The key to achieving Bún Mắm’s authentic taste is the mắm – fermented fish or shrimp paste. This gives the soup its distinctive deep, funky flavor.
Bún Mắm has a complex blend of tastes – the umami savoriness of the fermented broth, complemented by sour and spicy notes. The myriad of textures and flavors come together in a satisfying symphony.
Ingredients and Preparation
To make authentic Bún Mắm, you need:
Broth
- Beef bones
- Pork bones
- Fermented fish liquor
- Shrimp paste
- Fish sauce
- Sugar
- Salt
Simmer the bones for several hours to make a rich bone broth. Mix in the fermented fish liquor, shrimp paste, fish sauce, sugar and salt.
Lemongrass Blend
- Lemongrass
- Garlic
- Shallots
- Fresh chilies
- Lime juice
- Fish sauce
- Sugar
Mince the lemongrass, garlic, shallots and chilies. Marinate in lime juice, fish sauce and sugar.
Toppings and Noodles
- Thin rice vermicelli noodles
- Cooked pork shoulder
- Cha lua (Vietnamese sausage)
- Pork cracklings
- Roasted peanuts
- Fresh herbs
- Bean sprouts
- Lime wedges
Soak noodles in hot water until softened. Slice pork shoulder and sausage. Roughly chop peanuts and herbs.
Stuffed Chili
- Fresh red chilies
- Pork mince
- Wood ear mushrooms
- Glass noodles
Make a stuffing with the mince, mushrooms and noodles. Stuff into halved chilies.
Garnish
- Fried shallots
- Chopped scallions
- Chopped cilantro
- Chopped mint
- Lime wedges
Cooking Process
Follow these steps to prepare authentic Bún Mắm:
- Make the broth: Simmer bones for 5 hours. Strain and reserve broth. Mix in fermented liquor, shrimp paste and seasonings.

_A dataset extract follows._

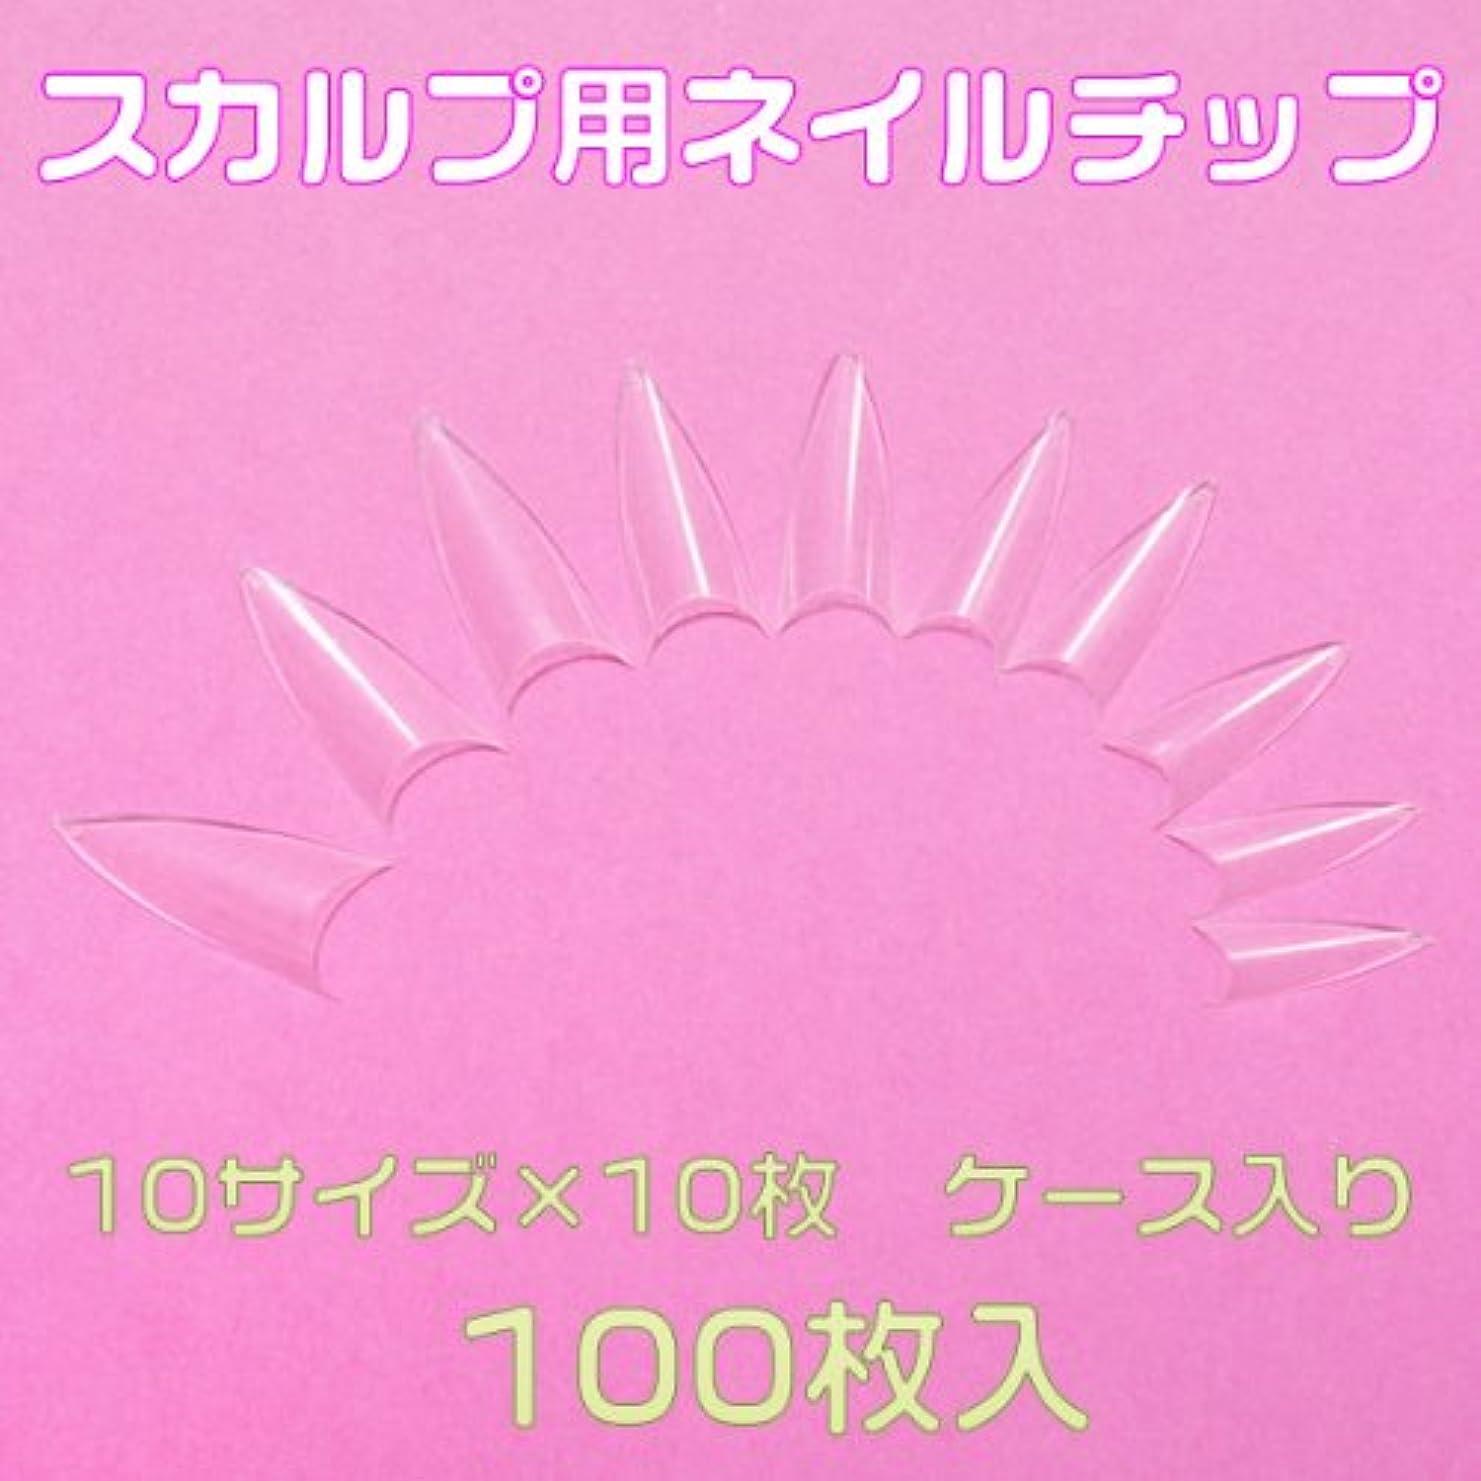 シンボルウイルスキャラクターシャープポイント 先端が尖ったネイルチップ10サイズ100枚 クリア ケース入[#c5]とんがりネイルチップ

- Prepare the lemongrass blend: Pound lemongrass, garlic, shallots and chilies into a paste. Marinate in lime juice, fish sauce and sugar.
- Cook the squid: Score squid tubes in crosshatch pattern. Quickly stir-fry in a hot pan with oil, pepper and salt.
- Make stuffed chilies: Combine pork, mushrooms and noodles. Stuff mixture into halved chilies. Pan-fry until cooked through.
- Cook noodles: Soak noodles in hot water for 5-10 minutes until pliable. Drain and set aside.
- Assemble bowls: Place noodles, pork shoulder, sausage, peanuts, herbs and bean sprouts in bowls.
- Ladle hot broth over each bowl to wilt herbs and noodles.
- Garnish with fried shallots, scallions, cilantro, mint and lime wedges. Enjoy!
Serving and Presentation
Serve Bún Mắm family-style in large bowls for sharing. Sprinkle garnishes over the top just before eating, so they stay crisp.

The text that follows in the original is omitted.